Desta vez, foi mais o susto do que os estragos e terá valido, também, os alertas que foram sendo dados ao longo do dia. As escolas dos concelhos no Norte da ilha foram encerradas mais cedo e a população aconselhada a permanecer em casa.

Mesmo assim, na manhã desta sexta-feira – o maior impacto da tempestade Filomena aconteceu durante a madrugada – persistiam estradas interrompidas, principalmente a Norte, que voltou a ser a zona mais atingida. A chuva, que praticamente foi interrupta durante mais de 12 horas, provocou deslizamentos de terras e pequenas derrocadas, que interromperam estradas e condicionaram curso de água. Em Santana, uma casa foi atingida numa altura em que os três moradores, alertados pelo barulho, já tinham procurado refúgio noutra zona.

Em Machico, já a Sul, um ribeiro galgou para a estrada e arrastou dois automóveis, juntamente com pedras e entulho. Há também registo, um pouco por toda a ilha, de queda de árvores, sem danos consideráveis.

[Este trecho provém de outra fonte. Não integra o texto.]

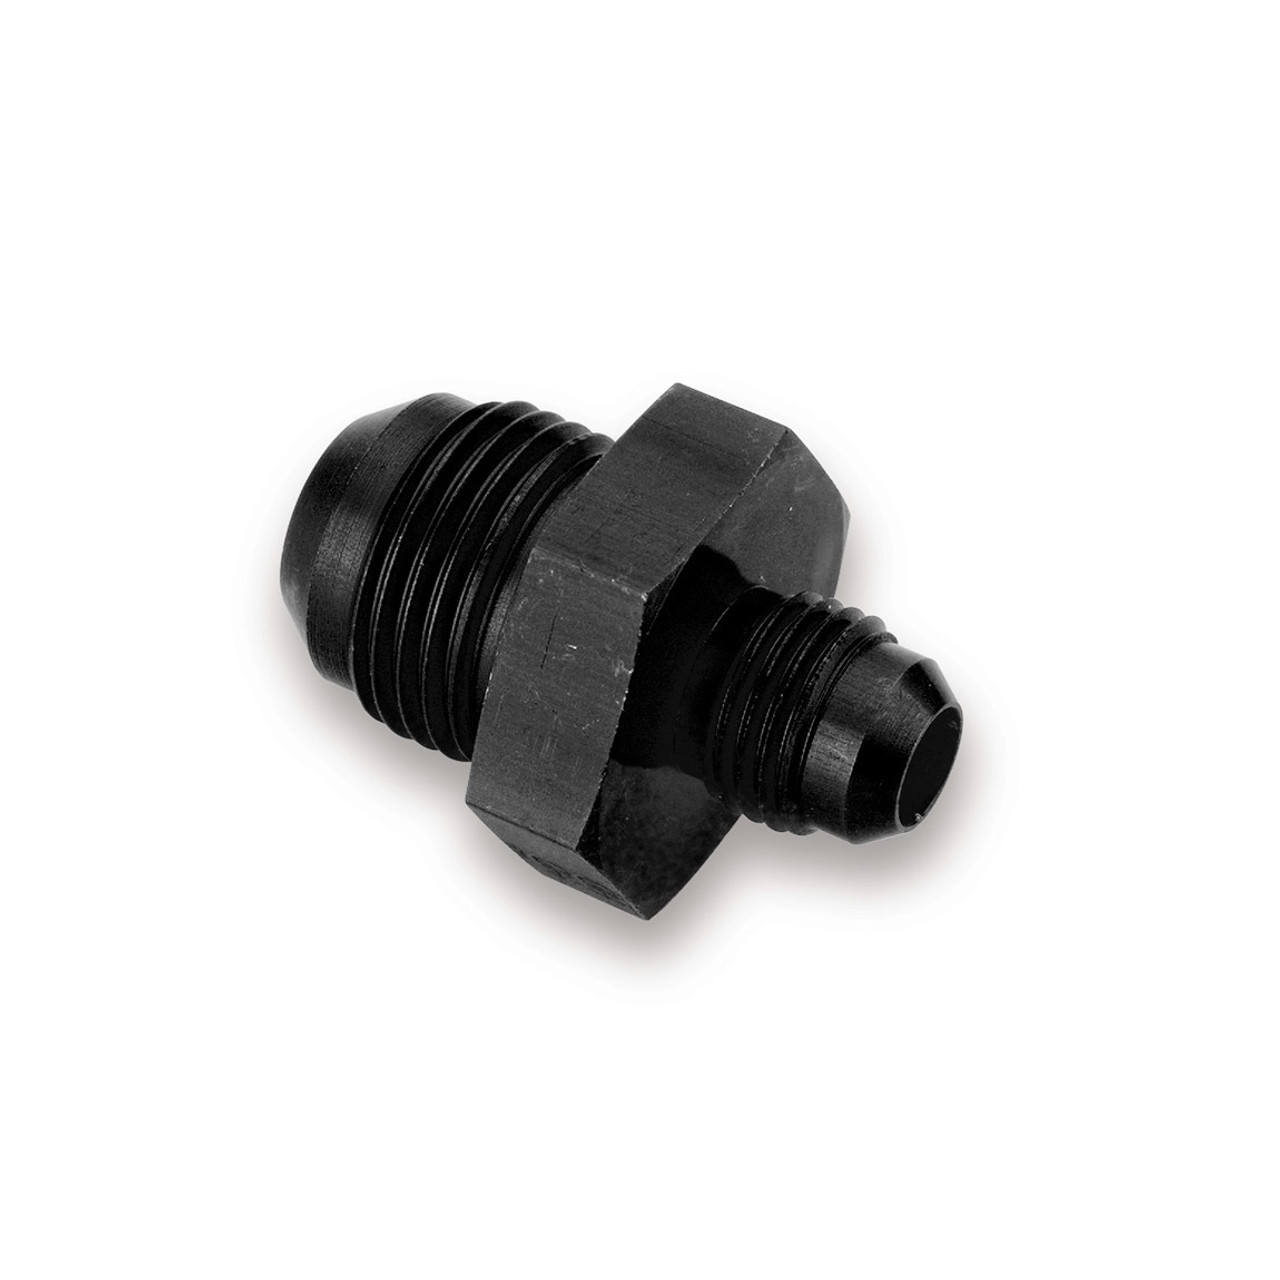 Earls Adapter Fitting Union Reducer 6an to 5an

A tempestade, que já seguiu caminho, trouxe uma descida na temperatura – a neve caiu de madrugada no maciço central da ilha – e perturbou o funcionamento do aeroporto, cancelando voos e desviando outros para o Porto Santo. Foi o que aconteceu, já na quarta-feira, ao aparelho que transportava a equipa de futebol do Sporting, cujo jogo frente ao Nacional, agendado para quinta-feira às 18h30, foi adiado, já com as duas equipas preparadas para entrar em campo, devido precisamente aos efeitos da tempestade.